Higher criticism: $p$-values and criticism

TL;DR

This paper compares higher criticism and Berk-Jones statistics for detecting sparse signals, introduces new significance level approximations, and evaluates their power and applications through simulations.

Contribution

It provides new approximations for significance levels and a comparative analysis of higher criticism and Berk-Jones statistics in various applications.

Findings

Berk-Jones statistics outperform higher criticism in power for sparse detection.

New significance level approximations improve accuracy of statistical tests.

Berk-Jones statistics are effective in applications like false hypothesis bounds and copy number variant detection.

Abstract

This paper compares the higher criticism statistic (Donoho and Jin [Ann.

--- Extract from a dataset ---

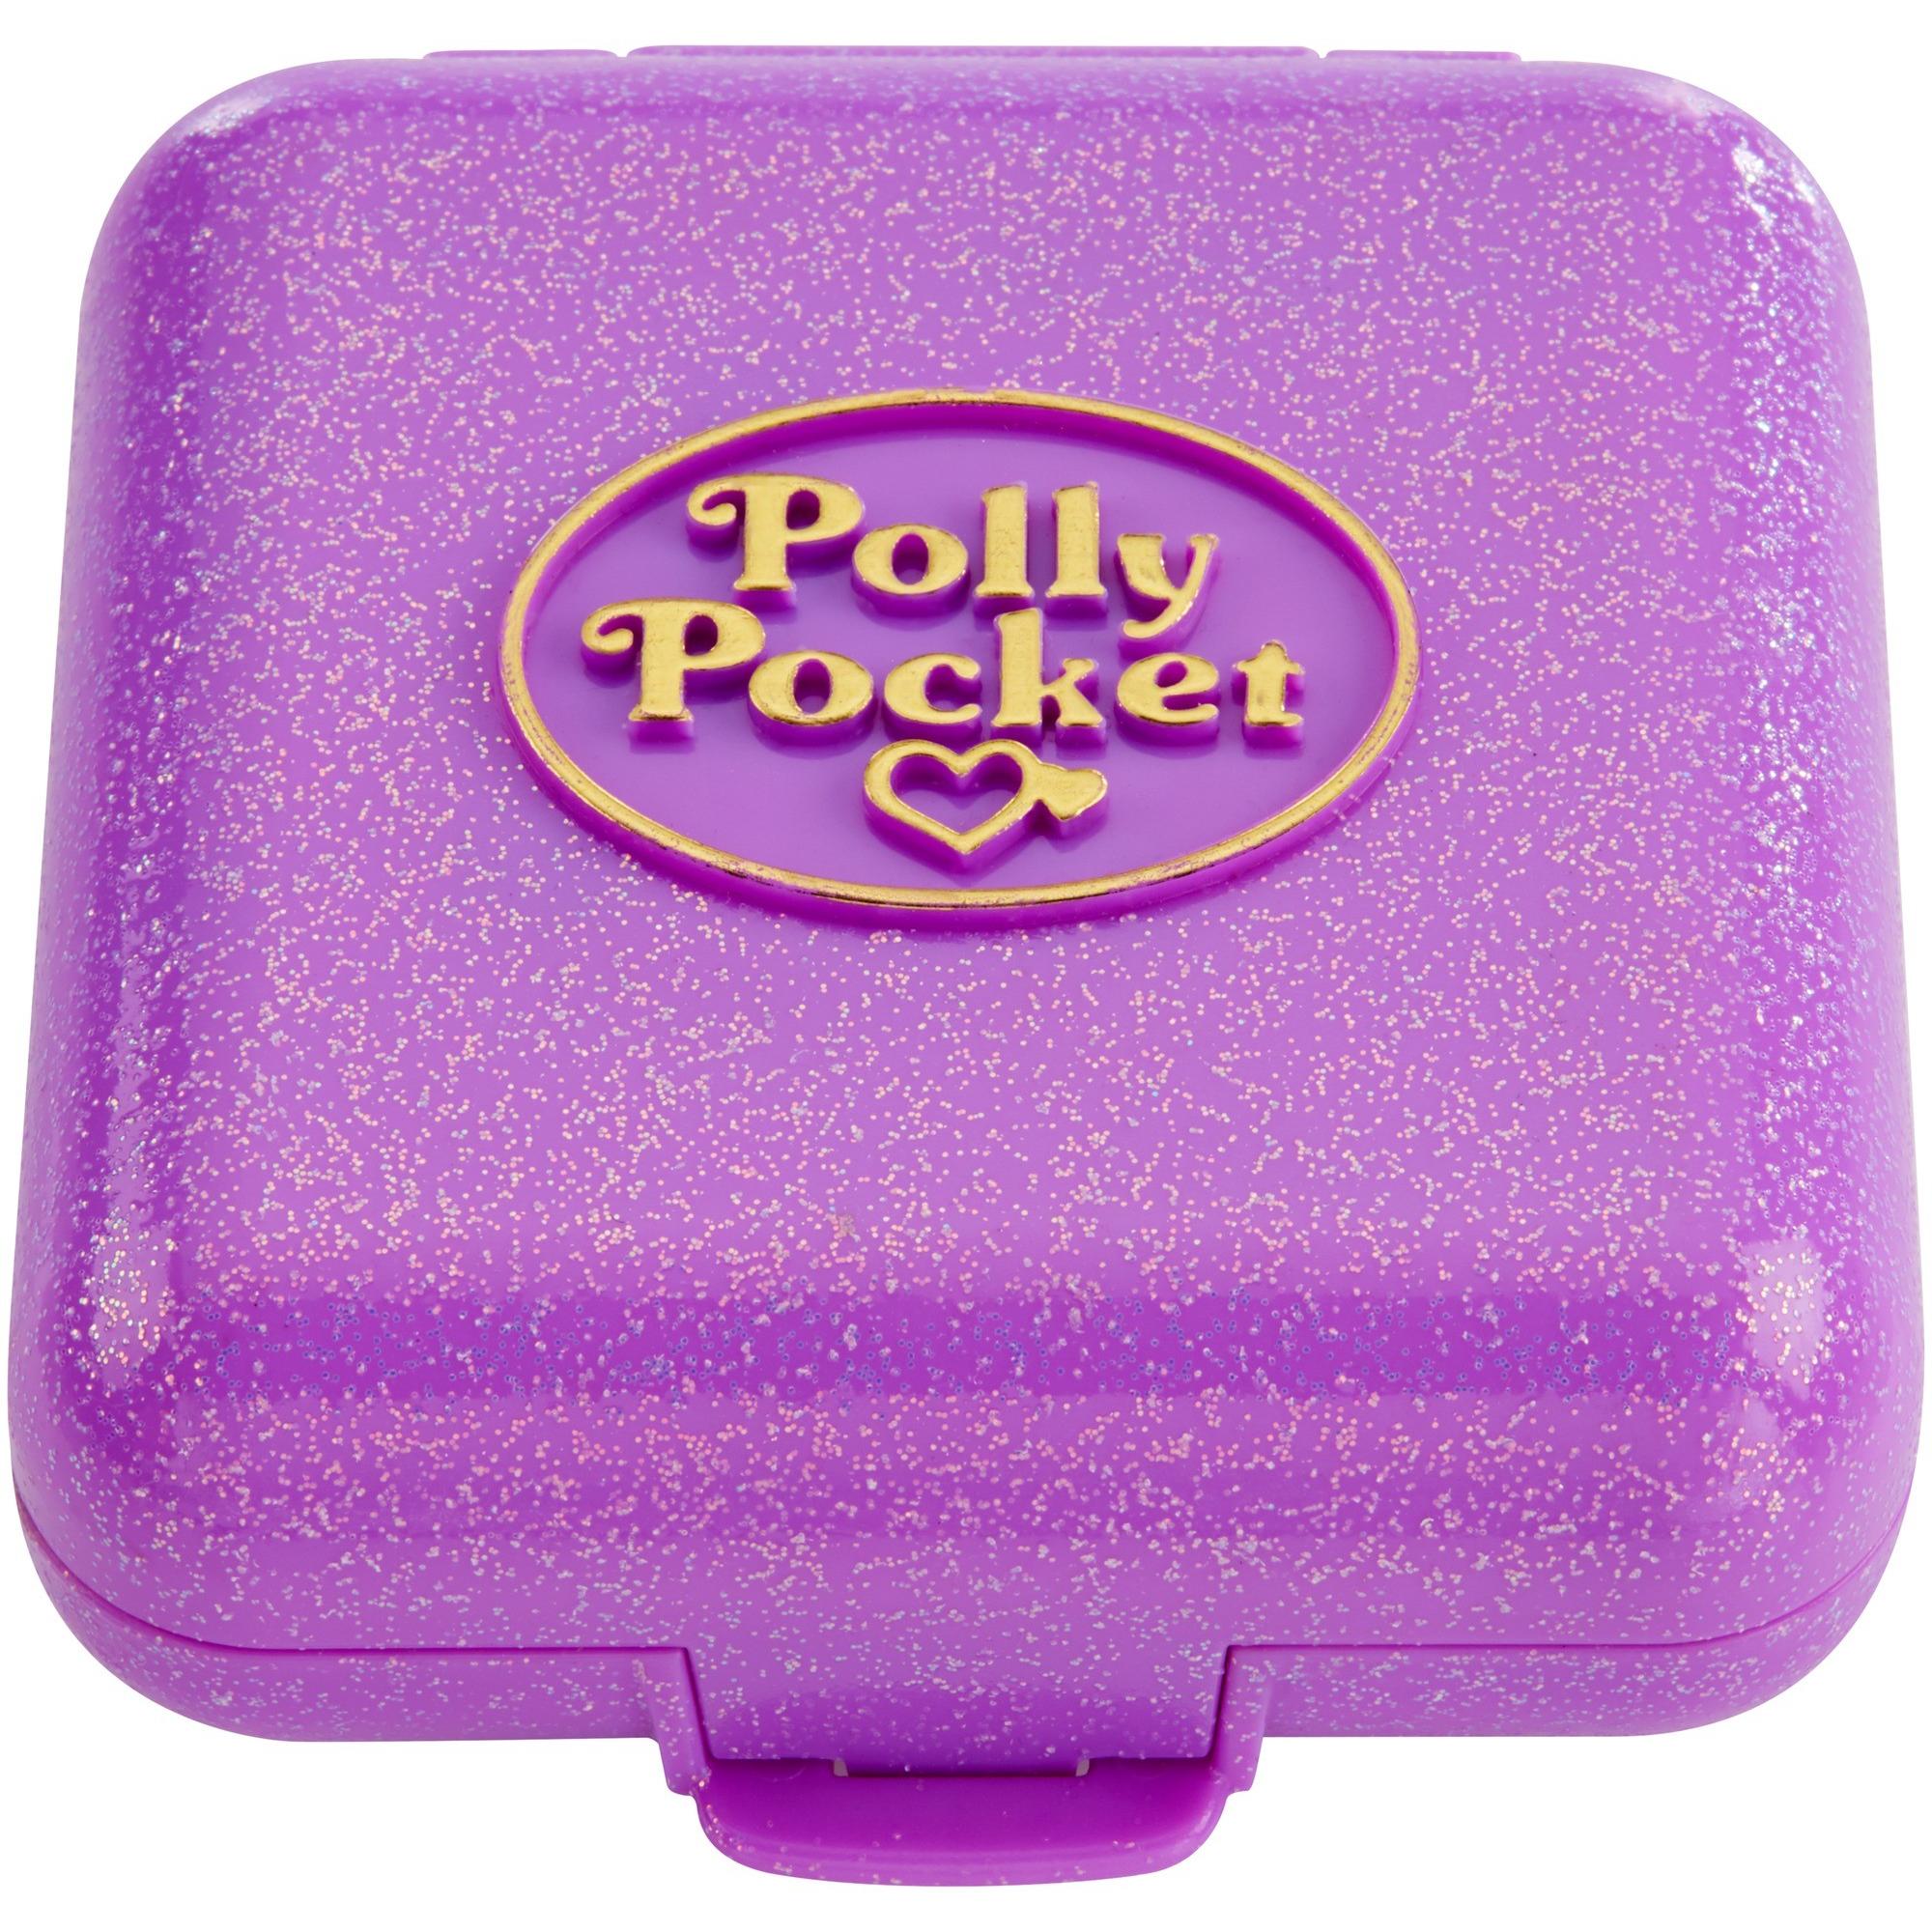 Polly Pocket Partytime Surprise Keepsake 30th Anniversary Compact - image 2 of 6

Statist. 32 (2004) 962-994]), a modification of the higher criticism statistic also suggested by Donoho and Jin, and two statistics of the Berk-Jones [Z. Wahrsch. Verw. Gebiete 47 (1979) 47-59] type. New approximations to the significance levels of the statistics are derived, and their accuracy is studied by simulations. By numerical examples it is shown that over a broad range of sample sizes the Berk-Jones statistics have a better power function than the higher criticism statistics to detect sparse mixtures. The applications suggested by Meinshausen and Rice [Ann. Statist. 34 (2006) 373-393], to find lower confidence bounds for the number of false hypotheses, and by Jeng, Cai and Li [Biometrika 100 (2013) 157-172], to detect copy number variants, are also studied.